They’d mopped up all day; turning ashes with their Pulaskis and putting out hot spots with the backpack tanks known as piss pumps. Grueling and demanding, but not dangerous. At the end of it, the press had been on hand while she provided first aid for minor burns and the usual foot maintenance.

Two days since she’d done the same at the Mink Creek spike camp and gone to bed in the same turquoise pants and bra, washed out last night in her cabin’s small sink.

She wanted to despise Deering, but it was like he’d said. Not that simple.

It wasn’t like her to jump into . . . a sleeping bag with a man she knew no better than she did him. At the time, though, it had seemed an inevitable, impulsive part of summer. It was as though she’d left behind her sense of stability, the self who wanted to keep things set for her daughter.

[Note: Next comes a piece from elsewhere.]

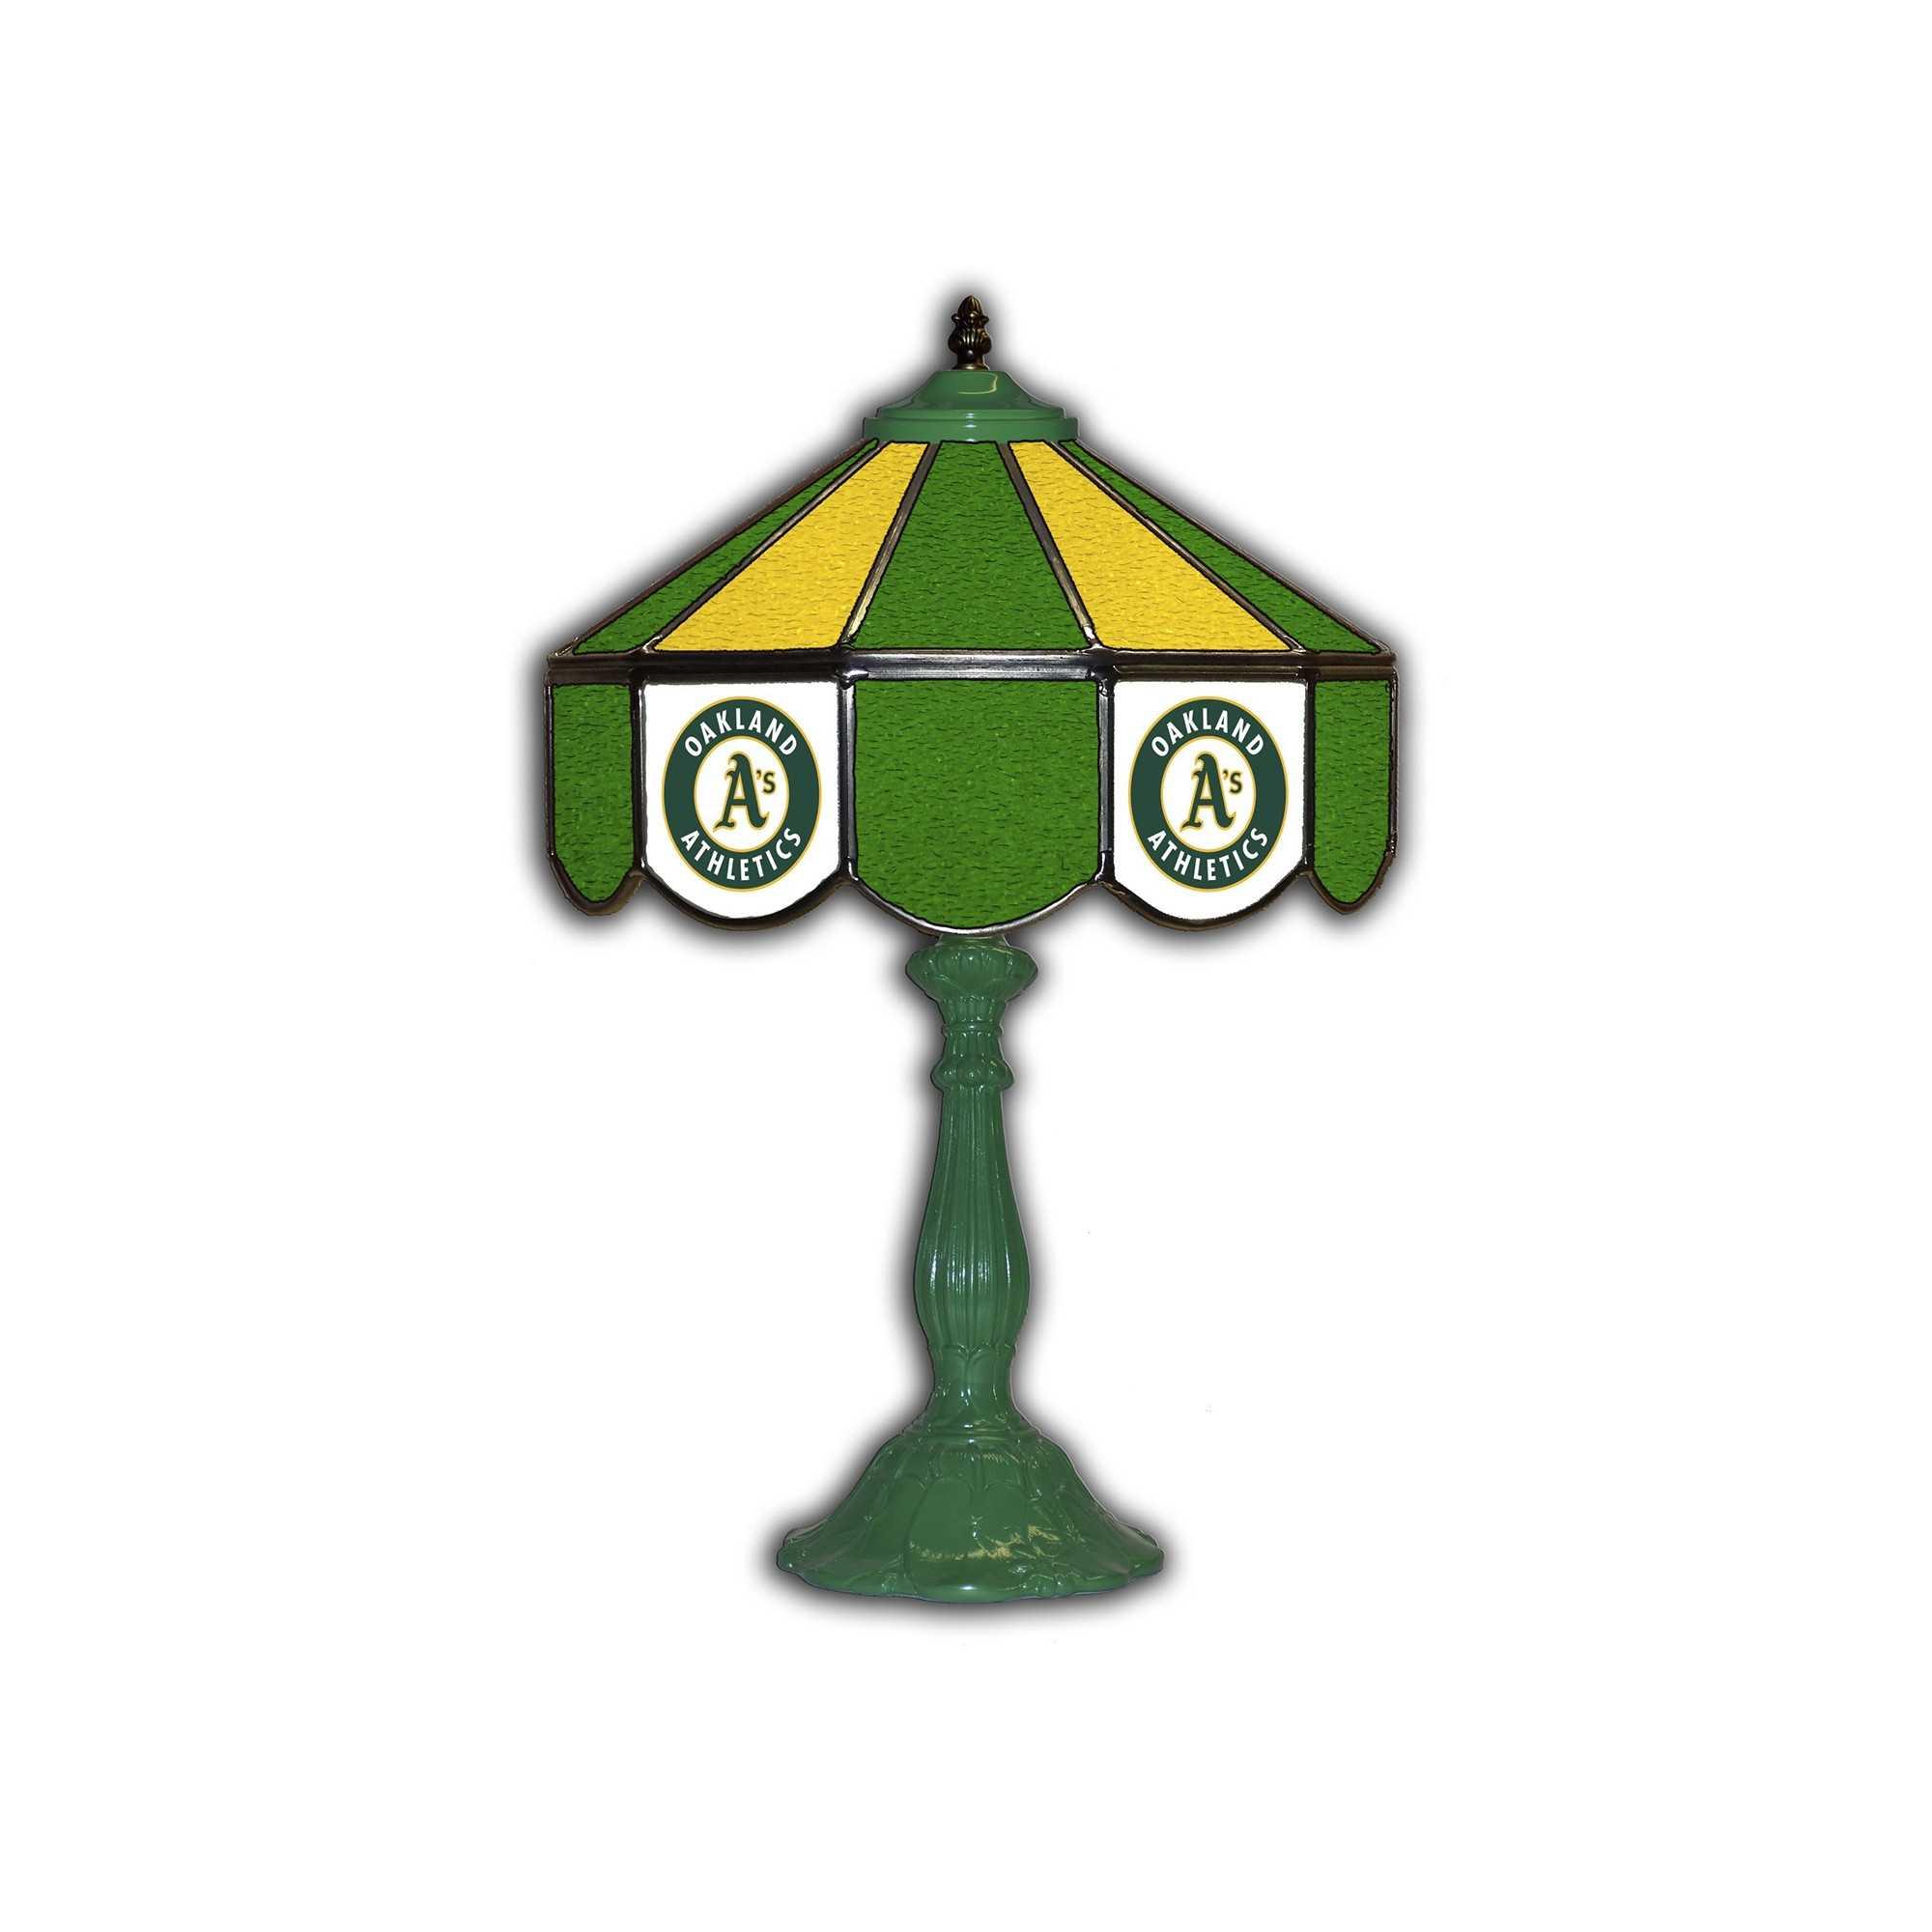 "OAKLAND ATHLETICS 21"" GLASS TABLE LAMP"

If Devon moved out when she turned eighteen, what would Clare have to focus on? Not two months ago, she’d have answered without hesitation that the Houston Fire Department would receive her undivided attention. Now she wasn’t sure about anything.

What would she do when she saw Deering again? Cut him dead, or let his eyes entreat her? Just thinking of his long torso sliding over her back started heat coursing in her. If not for the blowup, she would have turned over beneath him.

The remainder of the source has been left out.